Coram’s kids see canned cocktails similarly.

“RTDs are on fire,” Matt observes. “They’re doing very well.”

“A lot of women are buying RTDs,” says Abbey. “Women of all ages. Especially the RTDs that have alcohol in them instead of malt. These are great if you’re tailgating and don’t want to bring all your mixers to make cocktails. You can just toss them in a cooler and then consume them later as is. And a lot of these RTDs are only 100 calories, and they taste really good. You really know what you’re getting from them now.”

Tapping into Other Trends

Beyond RTDs and cold beer, Coram remains perceptive of other top trends in his store and market. For instance, American whiskey nationwide has cooled off from Covid highs, plateauing or receding in sales after recent boom years. But at Chilly’s?

“We’re a huge bourbon store and our bourbon has not leveled off,” Coram reports. Why? “We’re so close to Kentucky,” he says. “People are coming through on their way to the Bourbon Trail.”

Chilly’s sees whiskey tourists traveling from next-door Ohio, a state known for its famously generous Weller allocations. But not all Buffalo Trace products are so readily available over there, which has Ohioans making a drive. “We get more Buffalo Trace and Blanton’s versus Ohio, which doesn’t get as much of those bottles,” Coram says.

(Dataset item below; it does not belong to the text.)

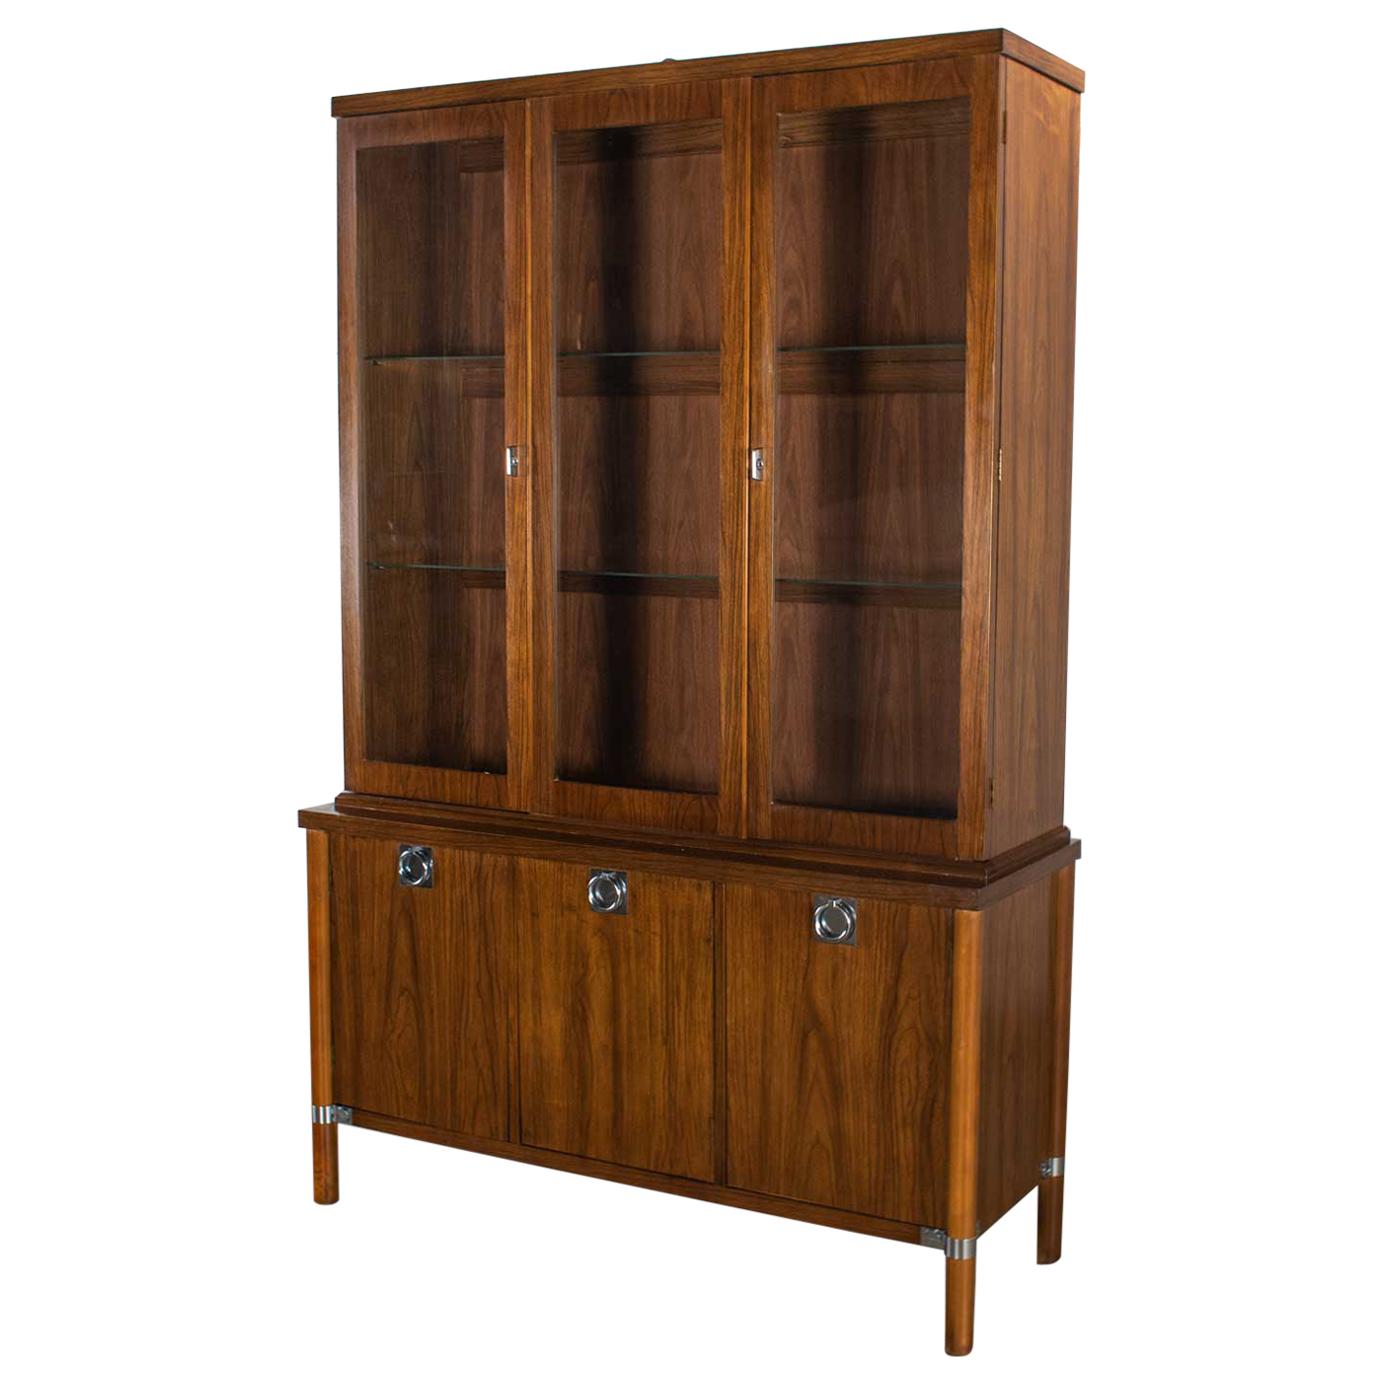 Mid-Century Modern Walnut Lighted China Cabinet with Chrome Accents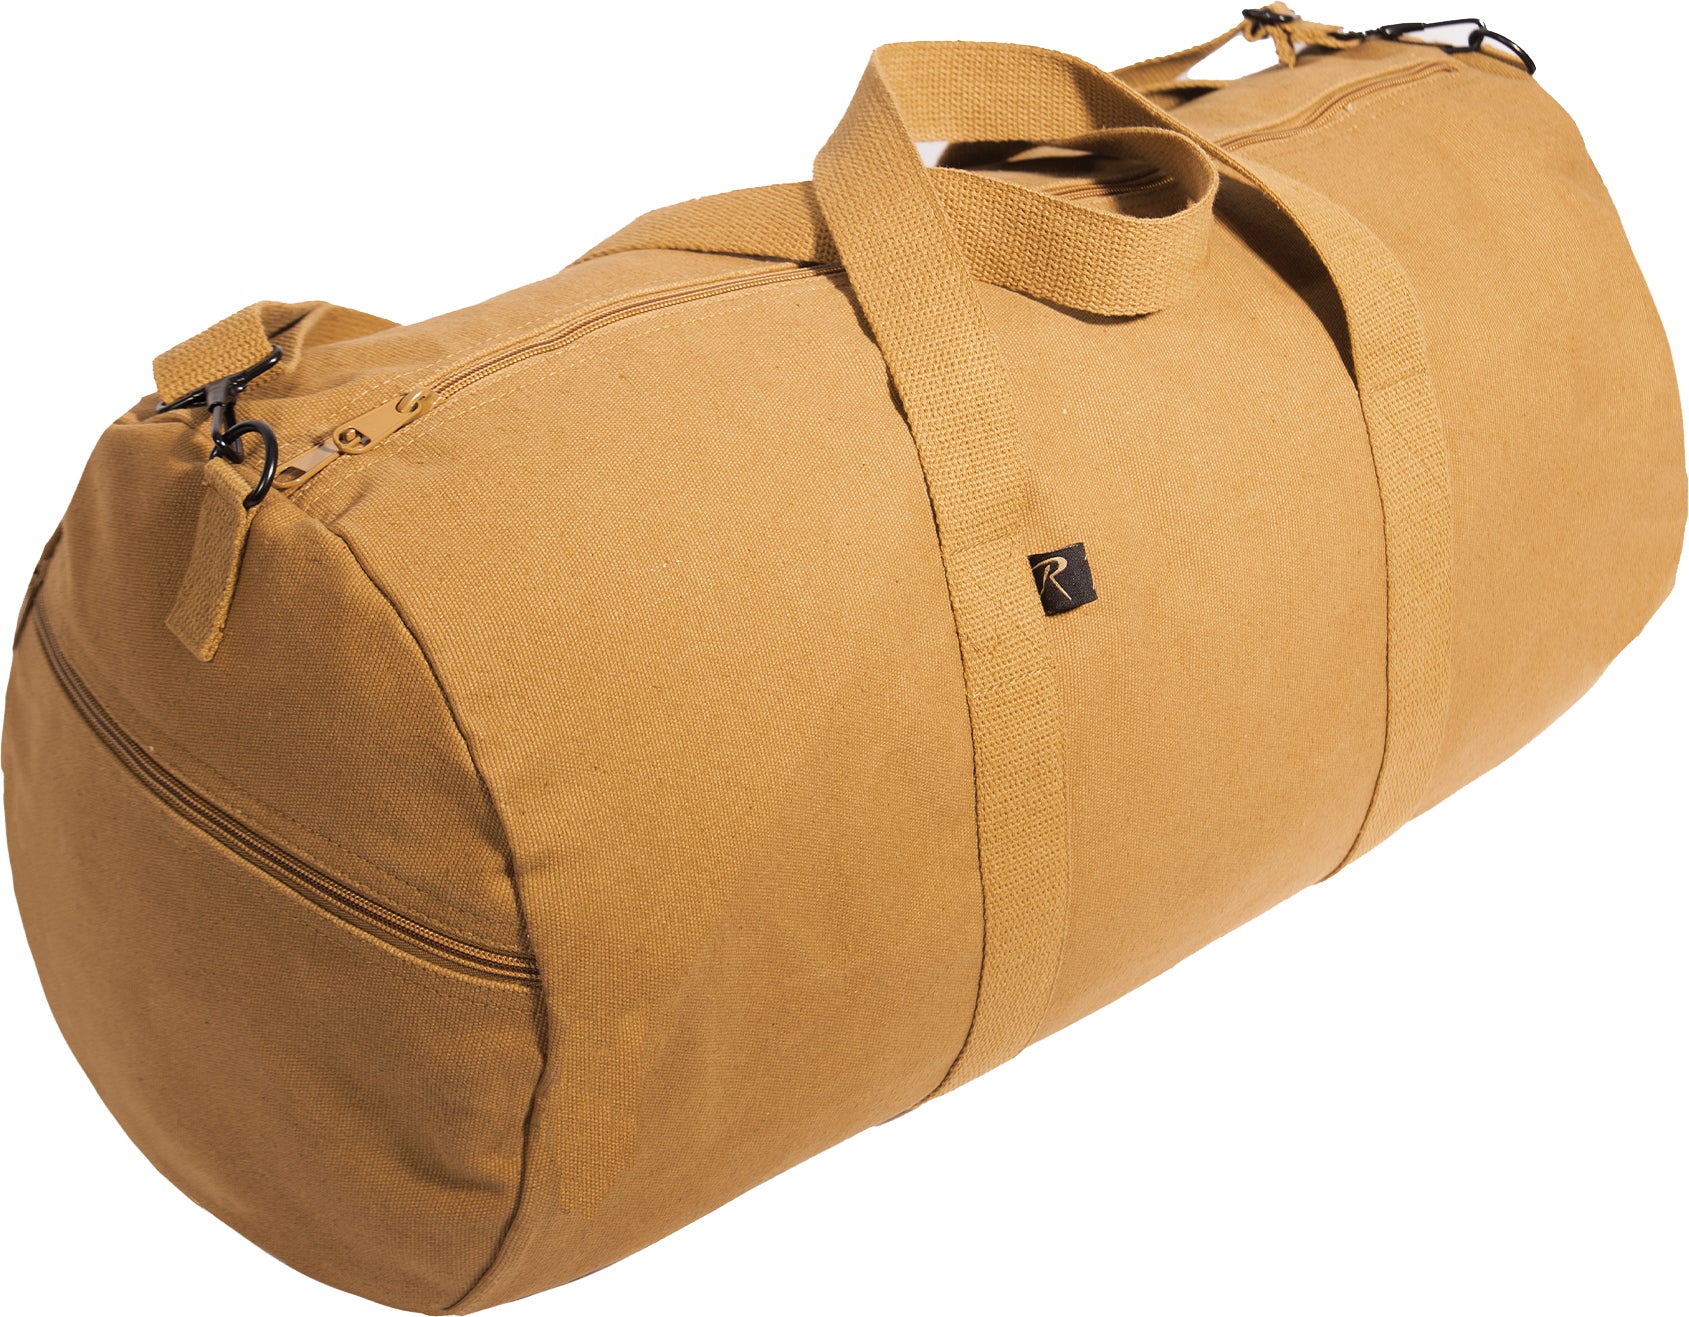 Coyote Brown Heavyweight Cotton Canvas Duffle Bag Sports Gym Shoulder & Carry Bag 24

Like other whiskey retailers, Chilly’s has seen a recent shift for store pick single barrels. “It’s definitely slowed down,” Coram says. “The market has become saturated with picks. So many barrel clubs are doing them now. We still do them, but picks just aren’t unique anymore.”

“We were doing 10 to 12 picks per year just on our own,” he adds, “but now we’re down to five per year on our own, and ten more split with our co-op group.”

Chilly’s first joined their co-op 25 years ago. This setup gives a combined 55 or so independently owned stores significantly greater buying power. “We meet on Thursdays, and we buy together,” Coram says. “We buy in bulk size that we wouldn’t be able to afford or have the space for otherwise. It gives us the ability to compete with everyone in the market.”

Handling allocated whiskeys remains a tricky task. One way Chilly’s moves these bottles out of the backroom, while angering the fewest number of people, is through several local charity events. These include raffles and silent auctions for coveted releases, as well as whiskey tastings. Even people who missed out on Pappy cannot feel too mad when they had equal opportunity to snag the bottle, while money raised from the events benefits Meals on Wheels and the local VFW.

“I used to list how many of what bottles were available at these events, but smaller accounts started to get jealous of our allocations,” Coram says. “Now I just list what brands could be available,” without giving numbers.

Tequila has also ticked up at Chilly’s, matching overall U.S. trends. As for craft beer, which has seen better days nationally, “it’s still doing well here,” Coram says. “These days there are winners and losers, but the strong brands are doing well.”

Customer Service

Any decent independent beverage alcohol retailer knows that customer service is key. “We’re never going to beat Total or grocery on price,” Coram says. “We got to beat them on customer service.”

“That’s why we walk stuff out to cars,” he adds. “It’s why we hand sell things, and do charity events. People want human interactions.”

“There’s no human interactions at these bigger places,” Coram continues. “You can’t sustain grown based on process when you’re competing with these places. You’ve got to provide something that they don’t.”